To the west of Mount Dolkun-Muztag, in a northward curving arc there line up 6849 Peak (Muztag-Ata Southern, the unmarked eastern summit is 6858 on the map), Koskulak (7,028 m), Muztag-Ata (7,546 m), and North Muztag-Ata or Kuksai Peak (7,184 m). The southern shoulder of Muztag-Ata is indicated on maps as Kalaxong Peak (7,279 m). The foothills of the western spurs of these mountains are deserted.
The southern section of the Kongurmuztag Range, west of the Tegermensu Valley, is of great interest to mountain hikers and climbers. Routes to the peaks here are very different – from technically simple ones to the seven-thousanders on their western slopes, to the most difficult wall routes. From the cirques of the Koksel glacier only one route to the big peaks has been laid so far – the route of D. Mazur to Muztagh-Ata along the eastern ridge (2000). The two-kilometer steep walls and ribs of peaks 6858, Koskulak and Muztagh-Ata, which break to the Koksel glacier, are still waiting for their conquerors.
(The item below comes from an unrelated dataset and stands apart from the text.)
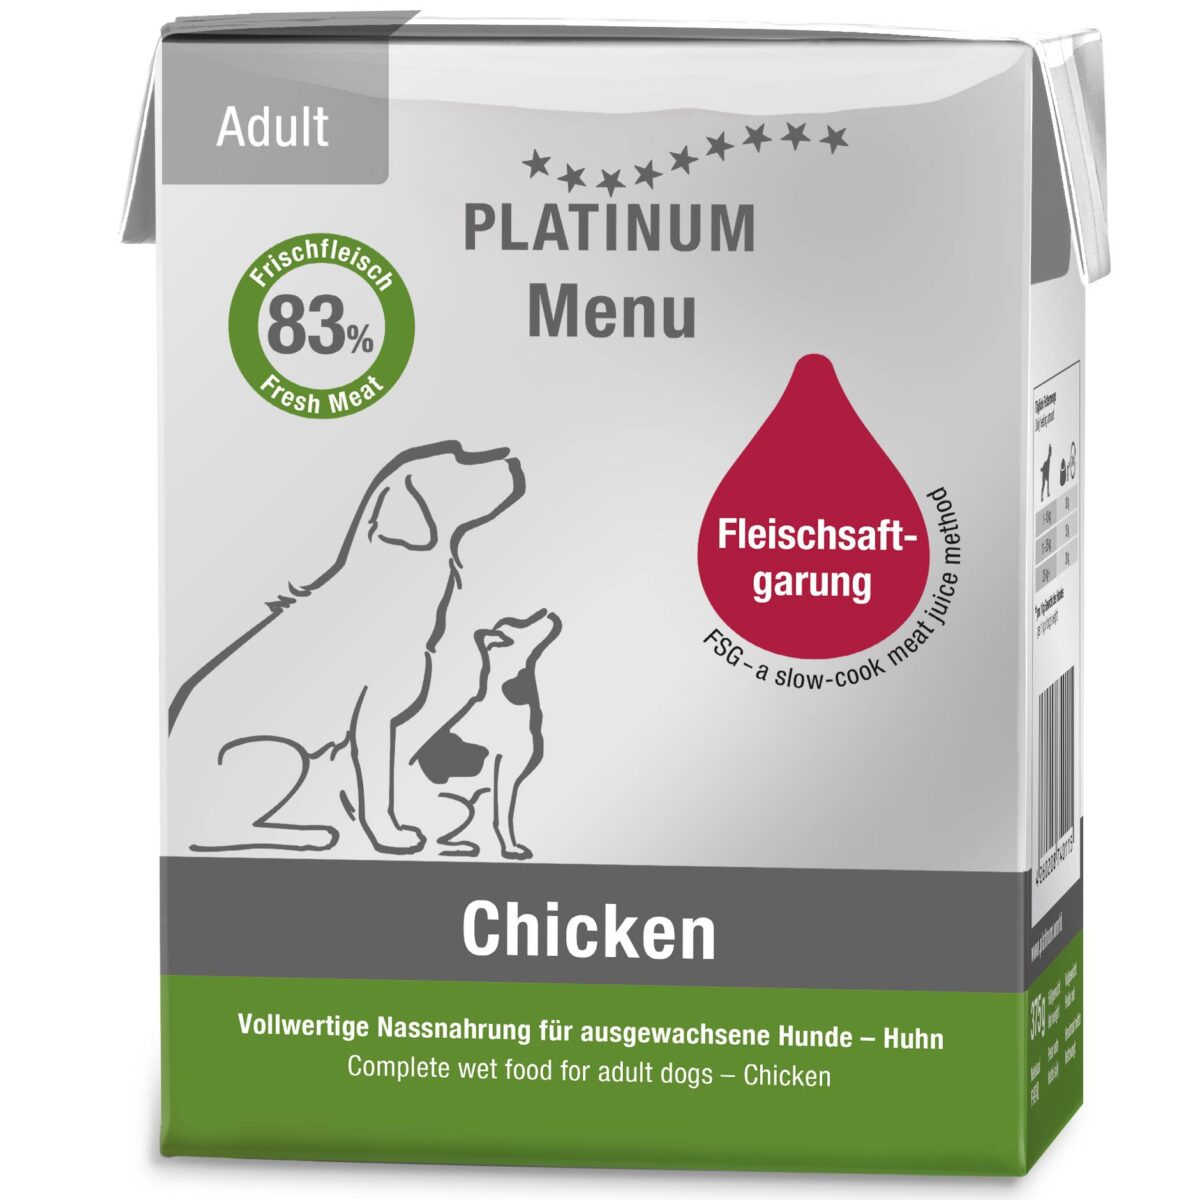 2-Chicken-Pack3-frontal-right-view

Of great interest are also the glacier-cutting northern walls of the gentle western ridges of Koskulak (7,028 m) and peak 6849. On these walls only two routes have been laid so far and both to Koskulak – the Volkov route along the northern ridge (2005) and the B. Shamalo route (2005) along the northern wall. The steep northern wall of Peak 6849, which is more than 1,5 km long, remains a virgin.
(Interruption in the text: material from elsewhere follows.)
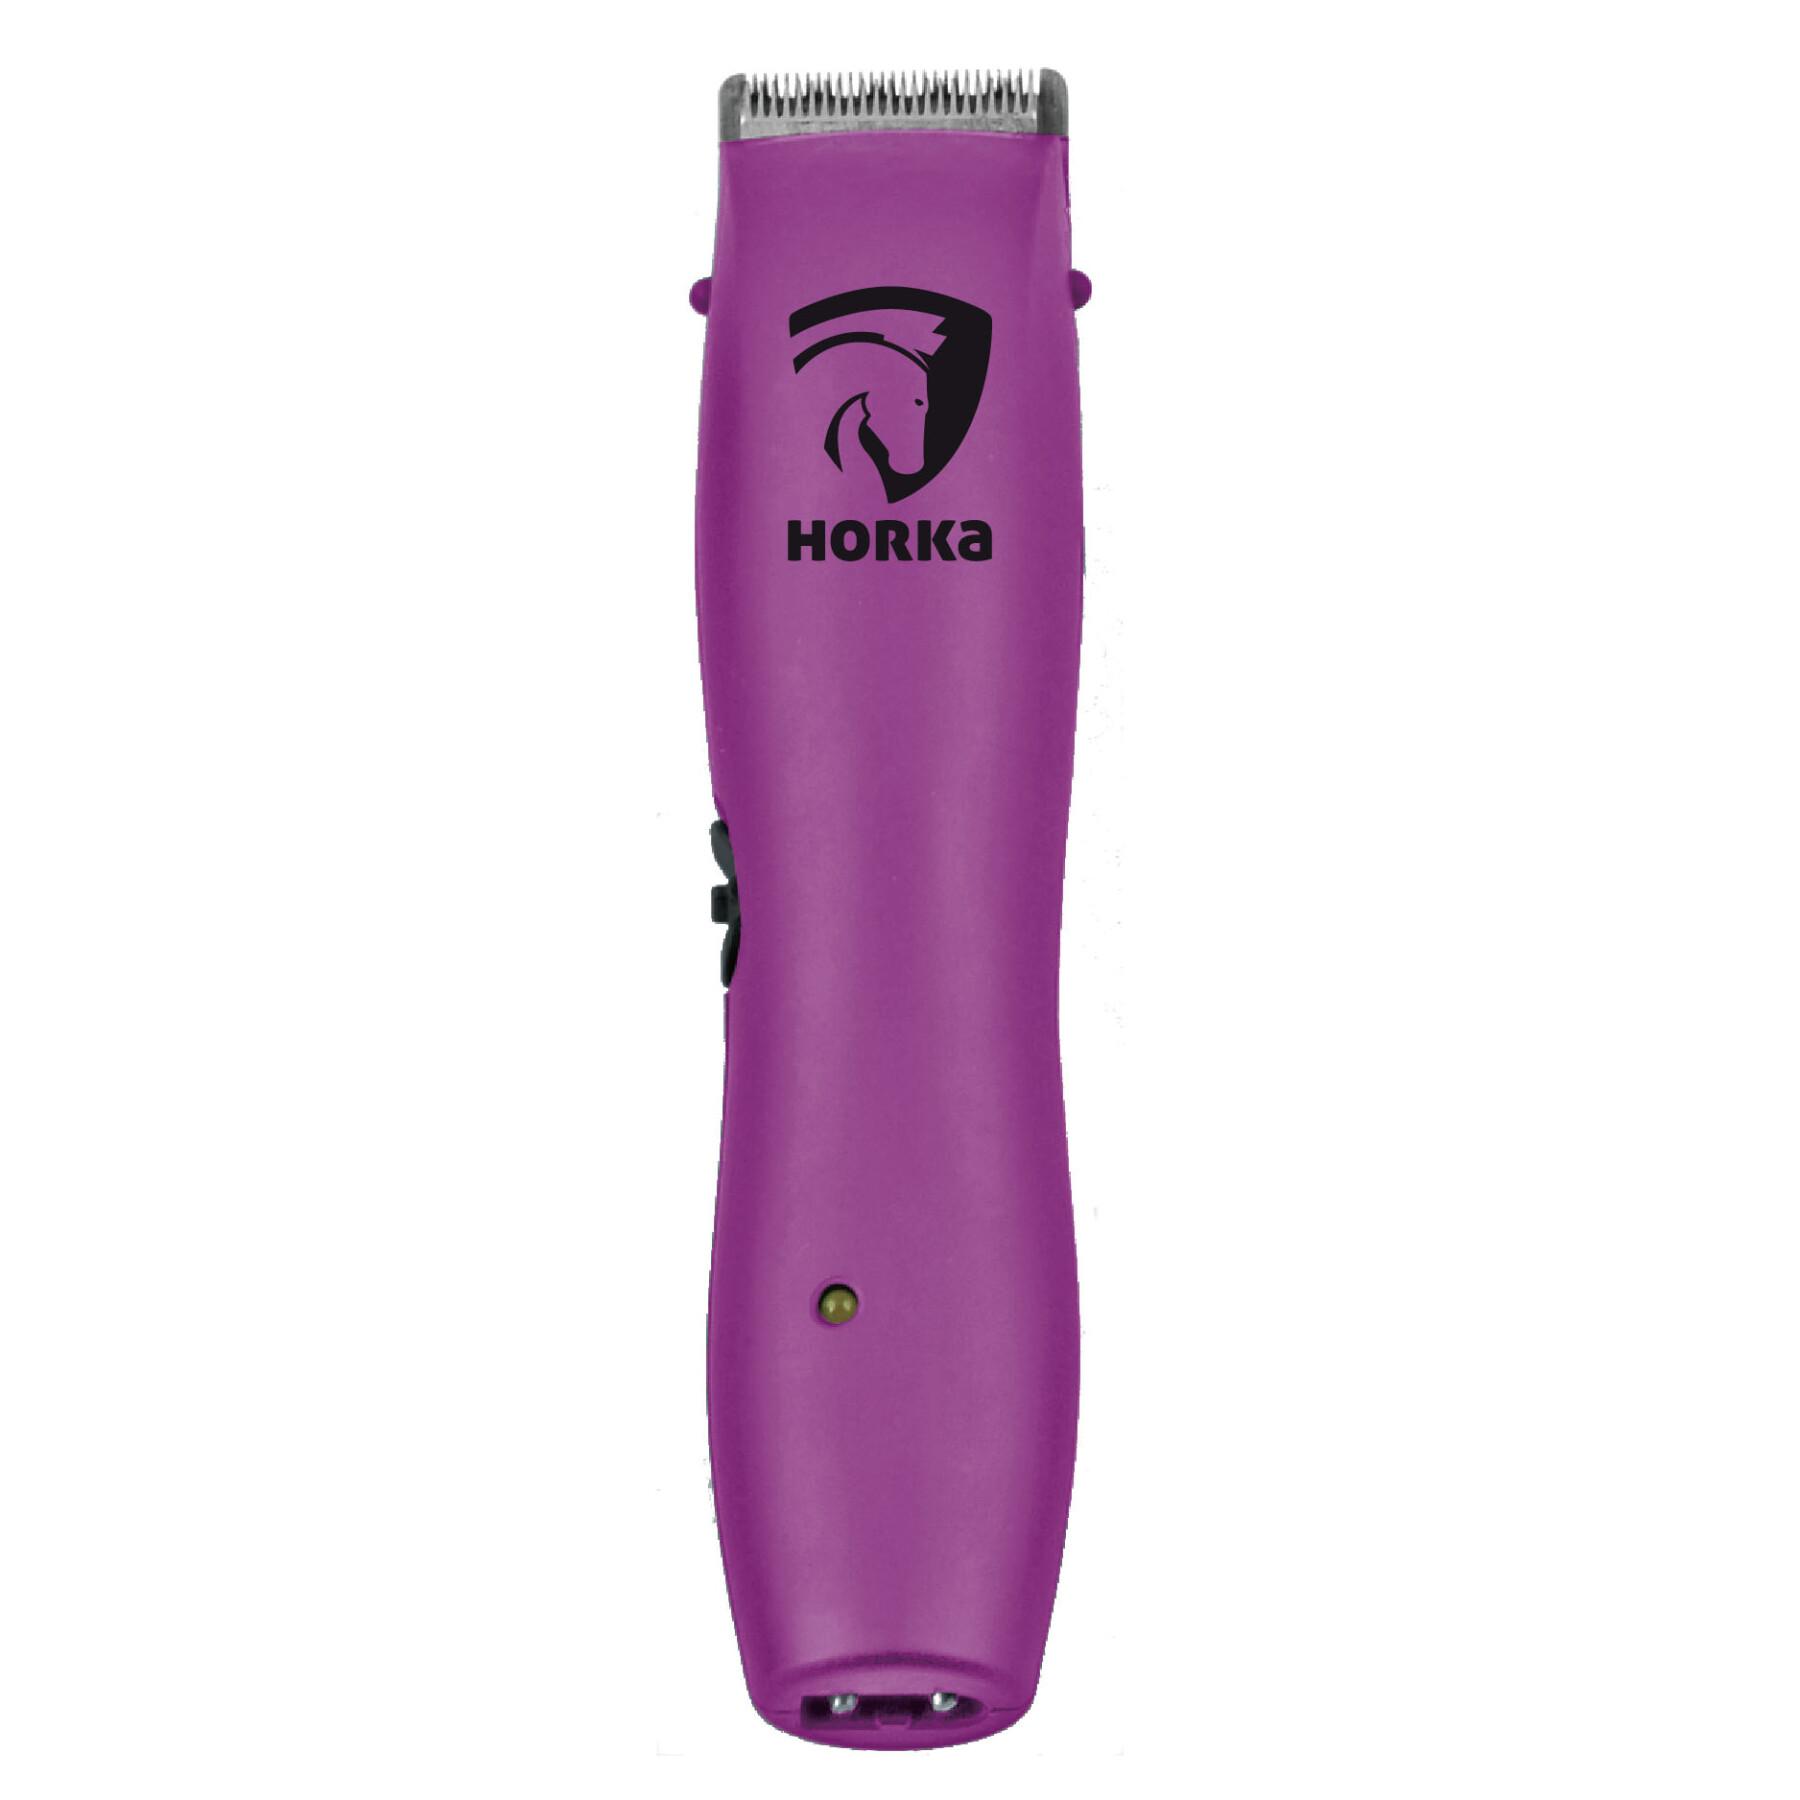 Cordless horse clippers Horka Mini professional

Called as the father of the icy mountains, Muztagata (also spelt as Muztagh-Ata) rises to the south of Kongur almost without any foothills. It is a larger-than-life giant with a height of 7,546 m is considered one of the most accessible seven-thousanders on the planet due to its gentle western slope and dry weather. It is usually accessed via one of two routes: either the one closer to the northern slope or the one closer to the south. The latter is the safest and most popular. It is not very complicated technically, but climbing can be hindered by unexpected weather changes and the pressing altitude, deep snow and strong winds. Conquerors need excellent physical training, good equipment and competent acclimatization.
Before you start climbing, you should stop at Lake Karakel and take in the dizzyingly beautiful view of Muztagh-Ata summit.
In the Eastern Pamir, there are many large lakes with crystal clear water and a mirror-like surface. In the Central and the Western Pamir, lakes are most often found in the pockets of moraines. Salty and drainless lakes occupy tectonic potholes. Large lakes occur less often, they are either man-made or accident-generated reservoirs, like Lake Sarez. Mostly, lakes are formed by melting of glaciers. Lake Sarez and Lake Yashilkul were formed by the melting of glaciers and mudflows.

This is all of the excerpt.